Jeez, they sound fun...
Don’t they just, but that’s the pandemic for you.
What are we talking about here?
Specifically, dumpling restaurant Brooklyn Dumpling Soho, which opens in New York’s East Village next month, and which is described as a fully automated restaurant that ‘will bring the automat of yesteryear into 2020’. But there’s also a wider trend for limited human contact at play.
OK, so tell me more about the dumpling place
Based on the premise that the automat was ‘single handedly the greatest fast food distribution equipment ever designed’, according to the PR blurb, Brooklyn Dumpling Soho uses touchless ordering kiosks and food lockers to provide customers their food without having the tedium of speaking with someone. It will have a Dumpling Lab in the front window with the restaurant’s dumpling making machine for all to see. Customers can place an order on their phone or via one of the restaurant’s touchless kiosks and when it’s ready they receive a text notification to get their special delivery from a marked locker, which will open automatically once the customer scans their barcode. Lockers storing hot food will be red lit indicating it’s 100 degrees, chilled lockers will be blue lit and 28 degrees, while auburn lit lockers will indicate one’s at room temperature. This, boasts the restaurant, will provide an experience that is zero human interaction from start to finish.

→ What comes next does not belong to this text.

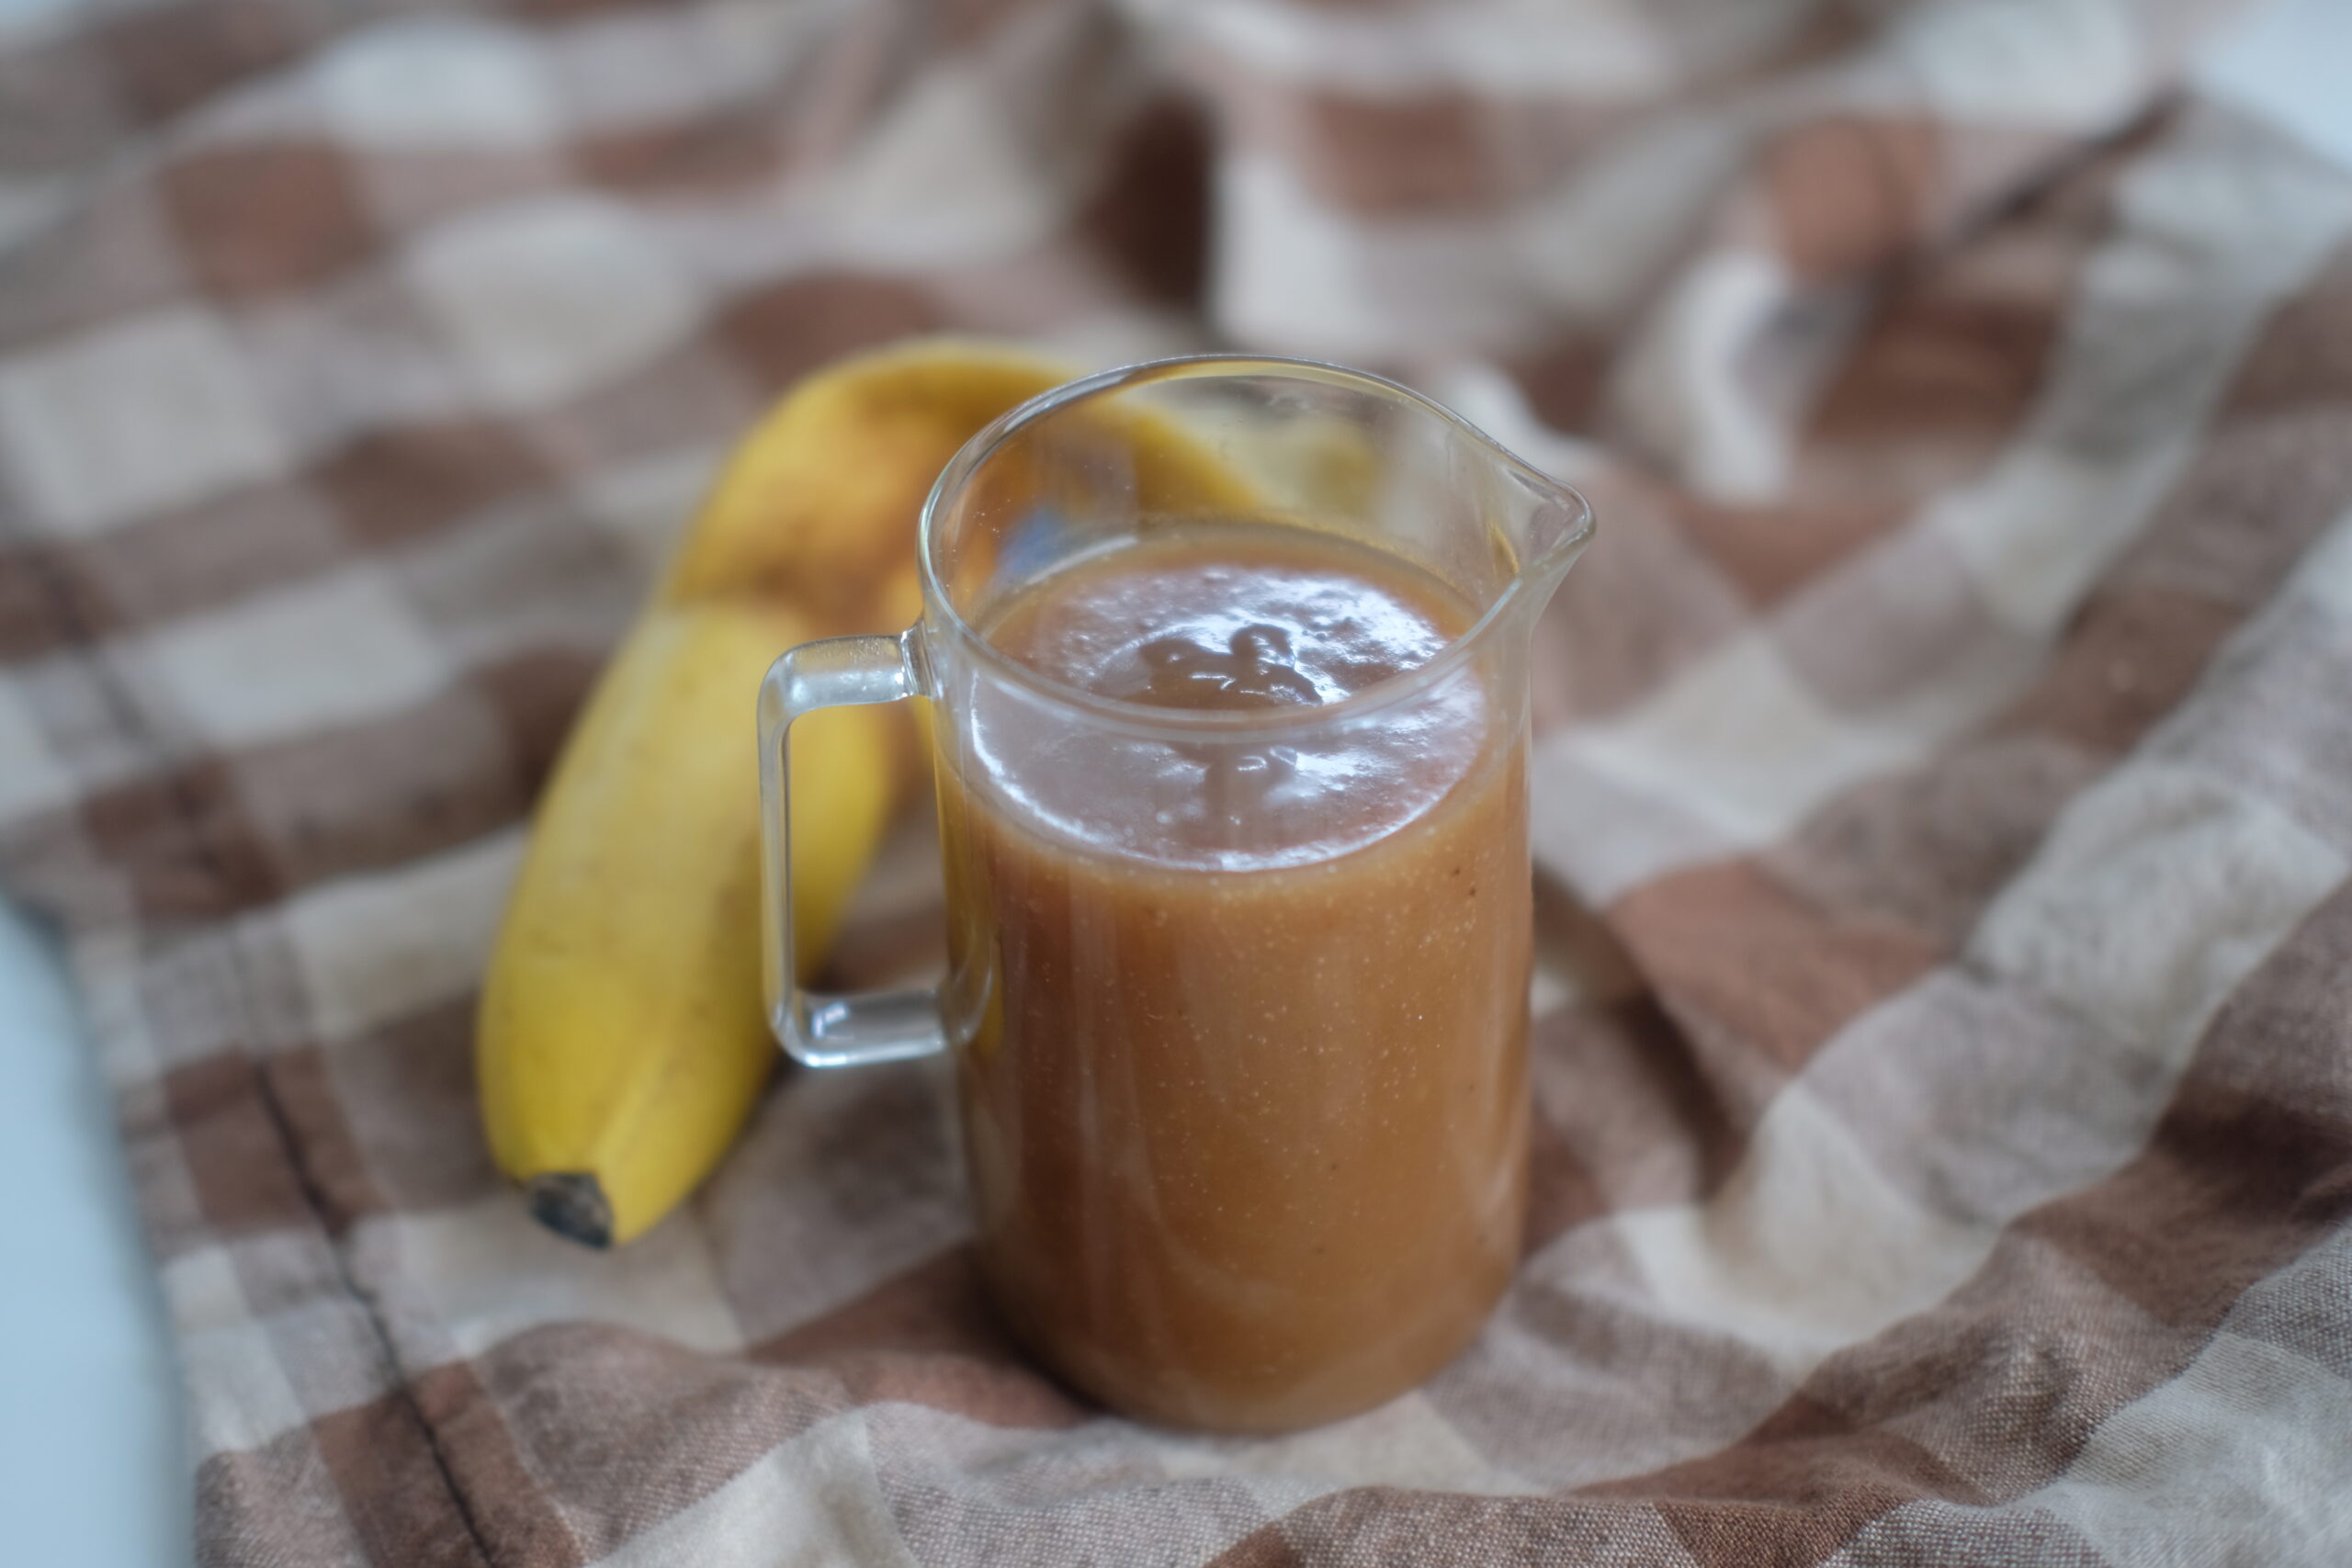 Caramel sauce is a decadent treat, but the addition of bananas to caramel takes this syrup up a few notches.

It doesn’t sound particularly hospitable...
It doesn’t look it either. The press shots show it to look more like a trendy minimalist shoe shop than a buzzy restaurant. But there are some upsides to this approach, with the restaurant set to open 24 hours a day, seven days a week, meaning that if you rolled up drunk at 4am looking for one of its French onion soup or peanut butter and jelly dumplings, not only will you not leave hungry you won’t be judged on your state of insobriety.
Every cloud. So, what has this got to do with the UK restaurant scene?
It could be a glimpse into a dystopian front-of-house free future where human interaction in restaurants is regarded as horribly dangerous act that could spread disease. OK, we’re probably getting a bit carried away, but the need for distancing in restaurants post lockdown has led to a number of restaurant groups over here adopting similar tactics. Take Vietnamese restaurant brand HộP Vietnamese which earlier this week reopened one of its sites using in store screens for ordering to reduce the number of staff on the restaurant floor. “In these times, the option to order without human interaction using the kiosks or click & collect will really appeal,” says HộP Vietnamese founder Paul Hopper, who intends to roll out the technology across the group’s five sites. Sushi chain Itsu has gone one further with its ‘store of the future’ on London’s Great Portland Street that not only makes use of cashless kiosk screens for ordering and a central collection point rather than fridges but uses sushi-making robots from Japan in its kitchen. The maki and nigiri sushi robots remove unnecessary handling - they also don’t get flu, says the company - with one robot capable of making 4,800 pieces of sushi every hour.
This truly is a brave new world
Steady on. While pay kiosks are still a relatively new idea for the hospitality sector in general, they can hardly be considered futuristic. Wahaca’s spin-off burrito brand Burrito Mama was using them seven years ago and pop into any McDonald’s and you’ll most likely be greeted with a touch screen than a member of staff. Even the ideas of ‘lockers’ holding food has been done before. Sixty-strong Dutch restaurant chain FEBO has long been known for its automat-style restaurants where much of the food it serves, such as krokets, frikandellen, and hamburgers can be bought from vending machines within its restaurants. Only now, however, does this approach seem to be being taken more seriously, and it’s all thanks to Coronavirus.